Where the automated metrics confirm the human review

File size, CSS, naming volume, const discipline, magic numbers all move in the direction observed by the human review. 4.7 is 11.6% tighter, declares seven CSS custom properties where 4.6 declares none, uses 76% more top-level const, and carries 17% fewer no-magic-numbers warnings.
The "fewer long functions" claim is sharply confirmed. Functions over 50 lines drop from 6 to 3 — a 50% reduction — even though the total function count is slightly higher.
The qualitative "9 wins vs 3 wins" scoreboard broadly agrees with the metric deltas when you count the tables: 17 of 22 quantitative rows favour 4.7.

Where the automated metrics disagree or nuance the claim

"Flatter async" is a local win, not a global one. The human review saw 4.7's executeAutoplayMove collapse from 5 nested levels to 2 — that's real. But max block-nesting depth across the whole file went up, not down (11 → 15). 4.7 has deeper nesting elsewhere. Pattern wins don't automatically generalize.
Cyclomatic complexity got worse on average. Median complexity: 3 → 4. Max: 44 → 47. High-complexity function count: 8 → 12. 4.7 writes smaller files, but each function branches more. Teams that enforce McCabe-style caps should notice this.
eqeqeq regressed — 4.7 introduces two uses of ==/!= where 4.6 had zero.
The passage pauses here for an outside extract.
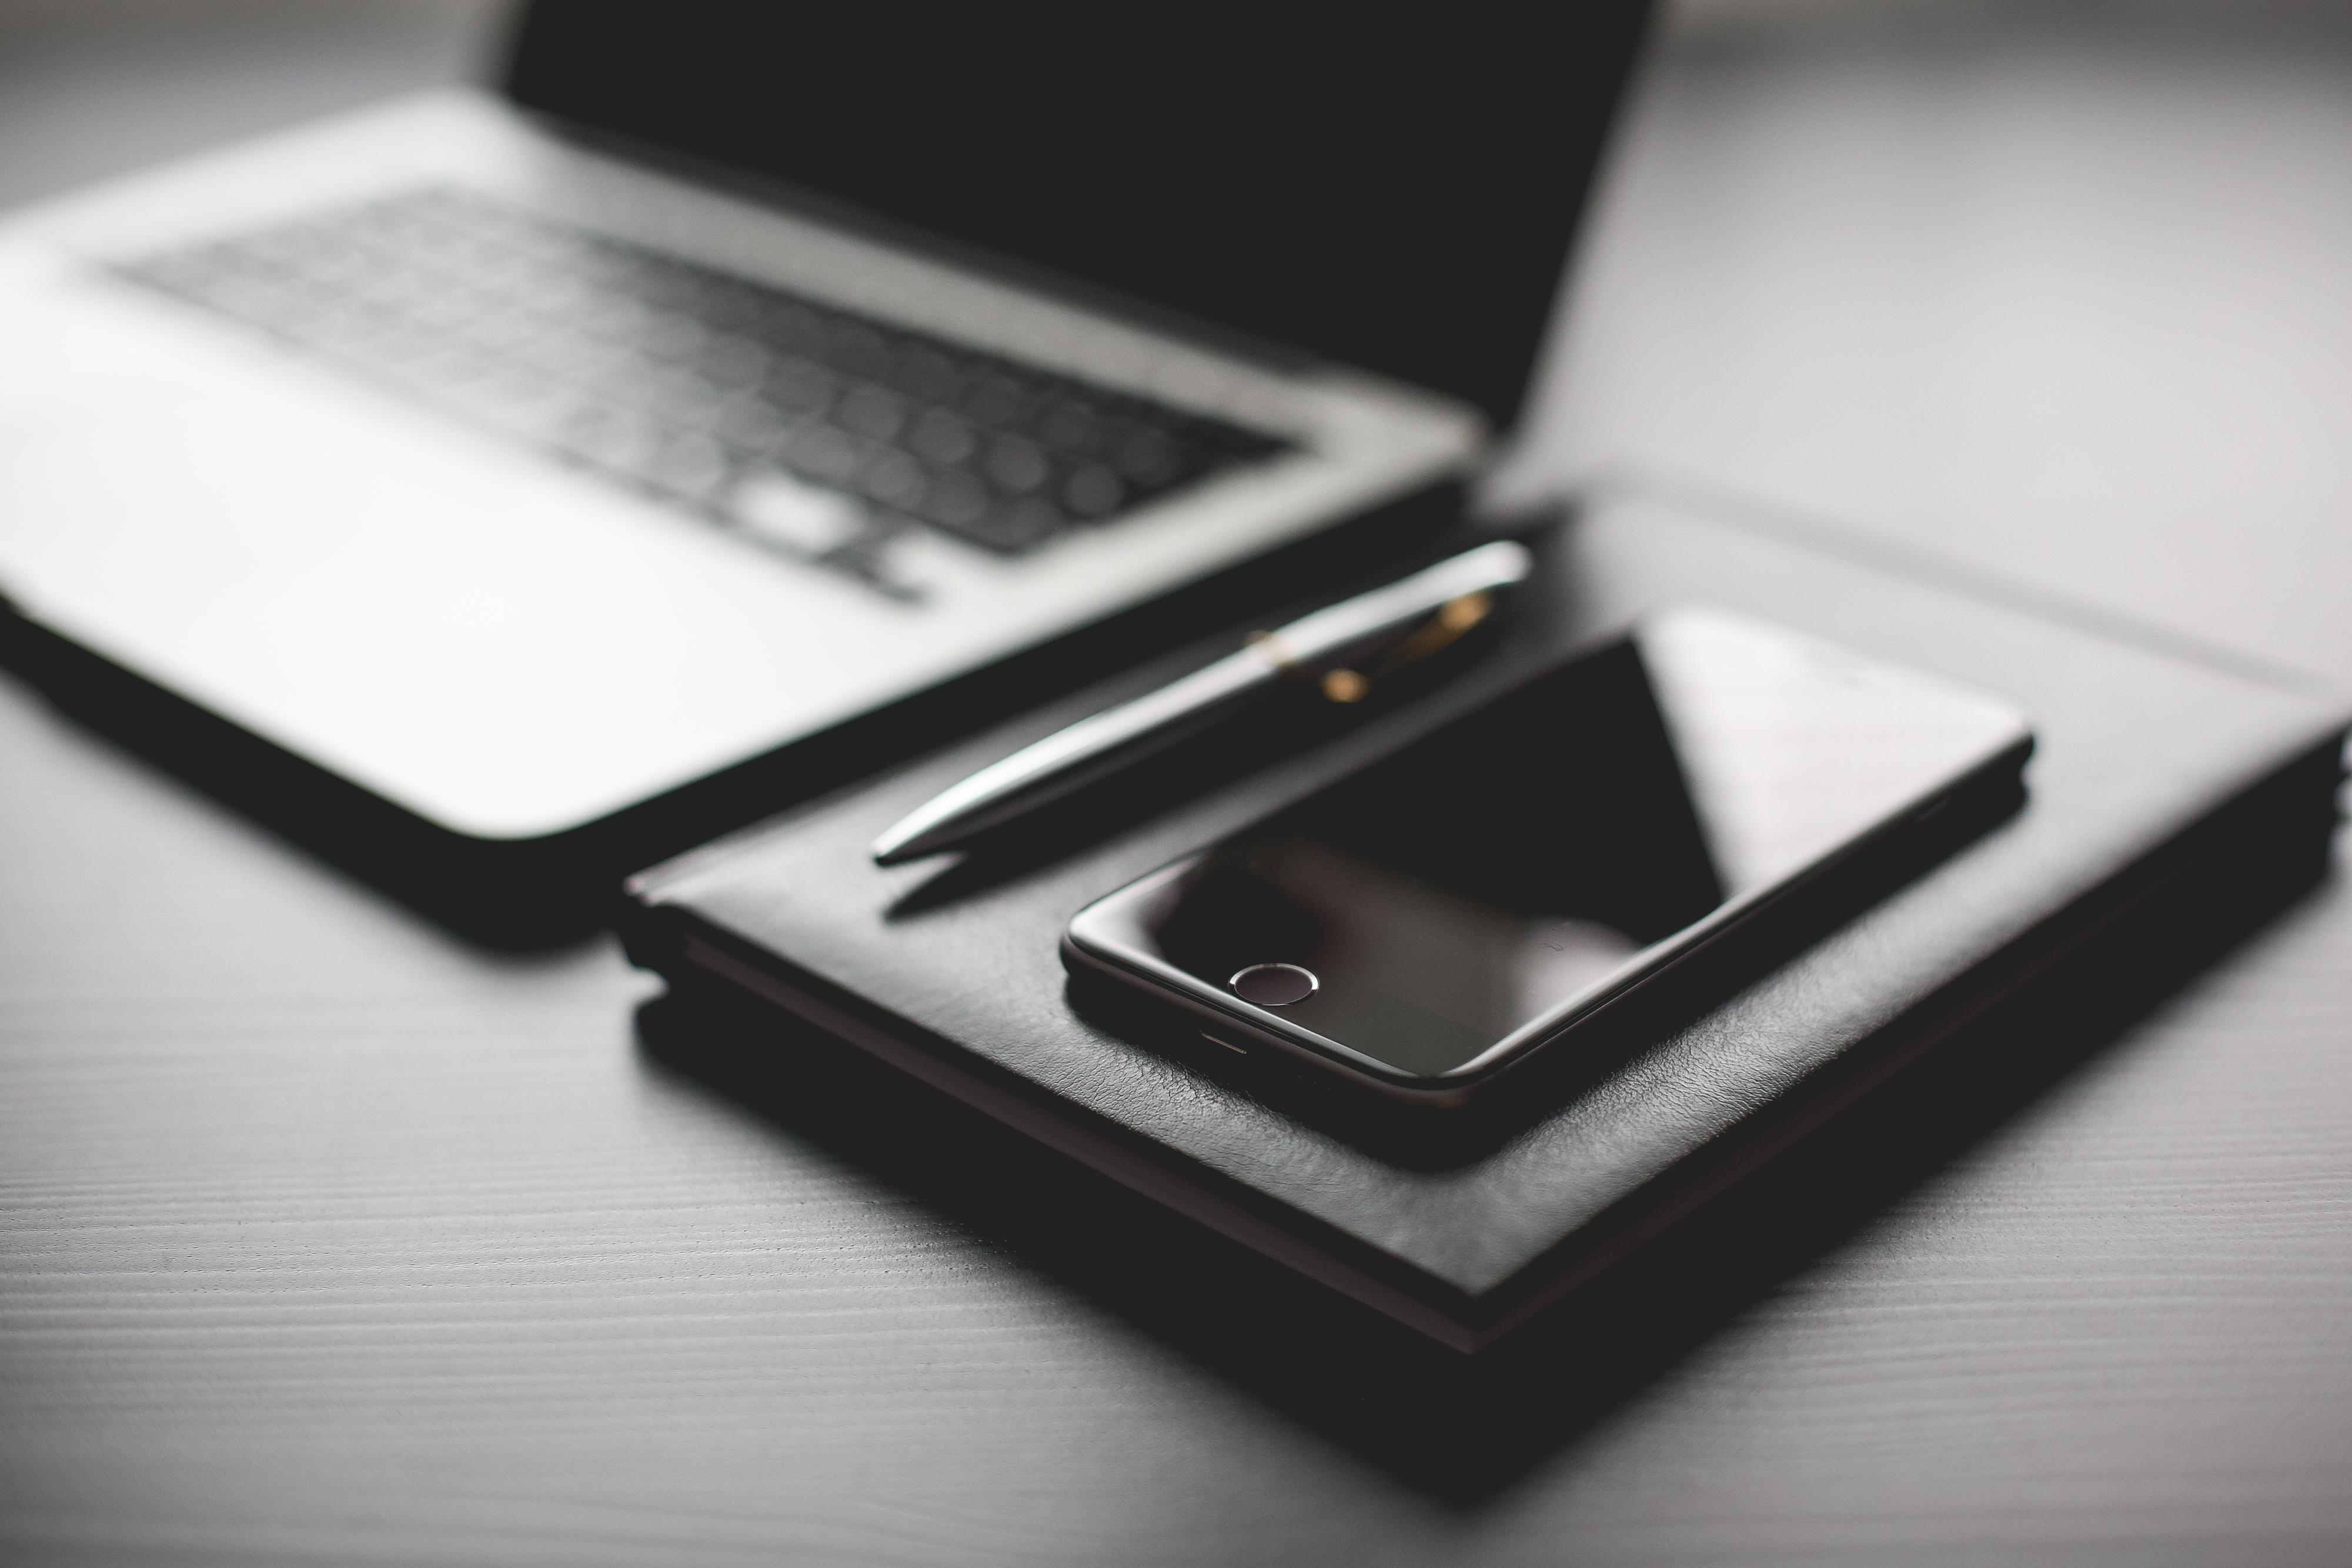 all-black-working-setup-diary-and-iphone-picjumbo-com-1

Minor, but it's the kind of discipline slip 'use strict' plus a linter would have caught.
Loss of 'use strict' is confirmed by automated regex — the single biggest safety-rail regression from the upgrade.
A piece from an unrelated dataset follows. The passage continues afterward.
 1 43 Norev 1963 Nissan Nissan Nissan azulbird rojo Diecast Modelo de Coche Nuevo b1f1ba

Methodology. JS extracted from each <script> block and parsed with espree (ECMAScript 2022, script mode). Cyclomatic complexity computed per function by walking the AST and counting if / switch case / for / while / catch / && / || / ternary. ESLint 9 run with a flat config; rules above with thresholds: complexity ≤ 10, max-depth ≤ 4, max-lines-per-function ≤ 50, max-nested-callbacks ≤ 3, no-magic-numbers allowing [−1, 0, 1, 2], prefer-const, eqeqeq, no-var. CSS metrics by regex on the <style> block (custom properties = --name:, hex occurrences = #hex, px values = \d+px). Non-functional only — correctness was verified separately with the functional-test suite.